Excess fat or skin on the abdomen and lax abdominal muscles can occur after dramatic weight loss or pregnancy. In cases where the problem does not respond to dieting or exercise, the only way to resolve the problem is surgical removal of excess skin.
Complications are infrequent and usually minor. However, as with any surgery, there are risks.
- General complications of surgery include blood loss and possible transfusion, blood clots in the legs (Deep Vein Thrombosis or DVT) and chest (Pulmonary Embolism), chest infection and reactions to anesthesia.
- Poor healing which results in conspicuous scars may necessitate a second operation.
- Tissue loss along portions of the incision and infection which require antibiotic and in some cases hospitalization is possible.
- Accumulation of fluid under the skin may require additional outpatient visits.
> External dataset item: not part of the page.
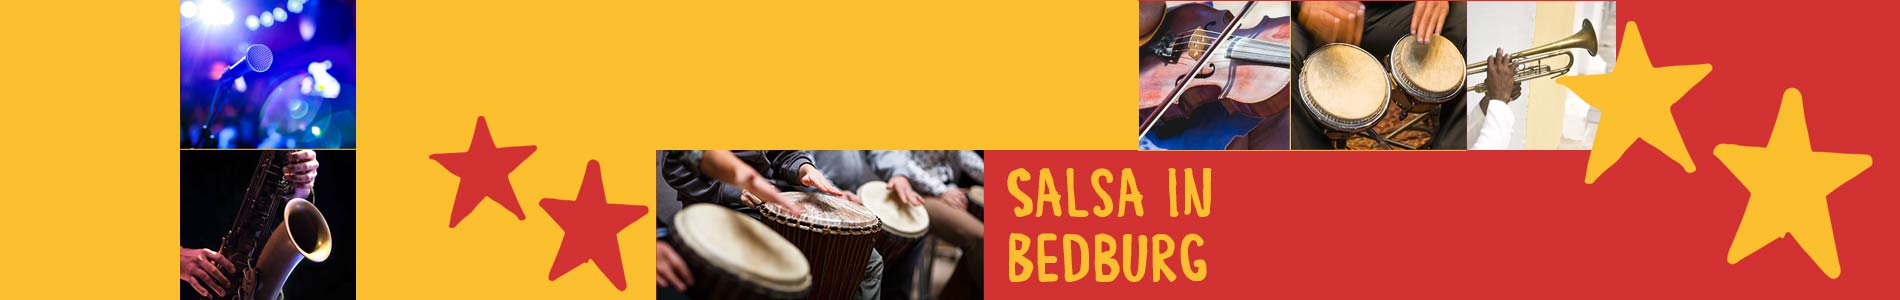 Salsa in Bedburg – Salsa lernen und tanzen, Tanzkurse, Partys, Veranstaltungen

- Patients may experience numbness after surgery that can occasionally be permanent.
Risks can be reduced by following the surgeon’s instructions before and after surgery.
The surgeon may discuss alternative approaches to the Abdominoplasty procedure. Liposuction may be used alone to remove excess abdominal fat. However, the main alternative to Abdominoplasty is simply to leave the abdomen as is.
The best candidates for Abdominoplasty are men and women who are in relatively good shape, but bothered by excess deposits of abdominal fat and skin that will not respond to diet or exercise. The surgery is particularly helpful to women who have finished bearing children, with abdominal muscles that have separated or weakened due to pregnancy. The surgeon will make the final determination of each patient’s eligibility for the procedure after an examination and consultation with the patient.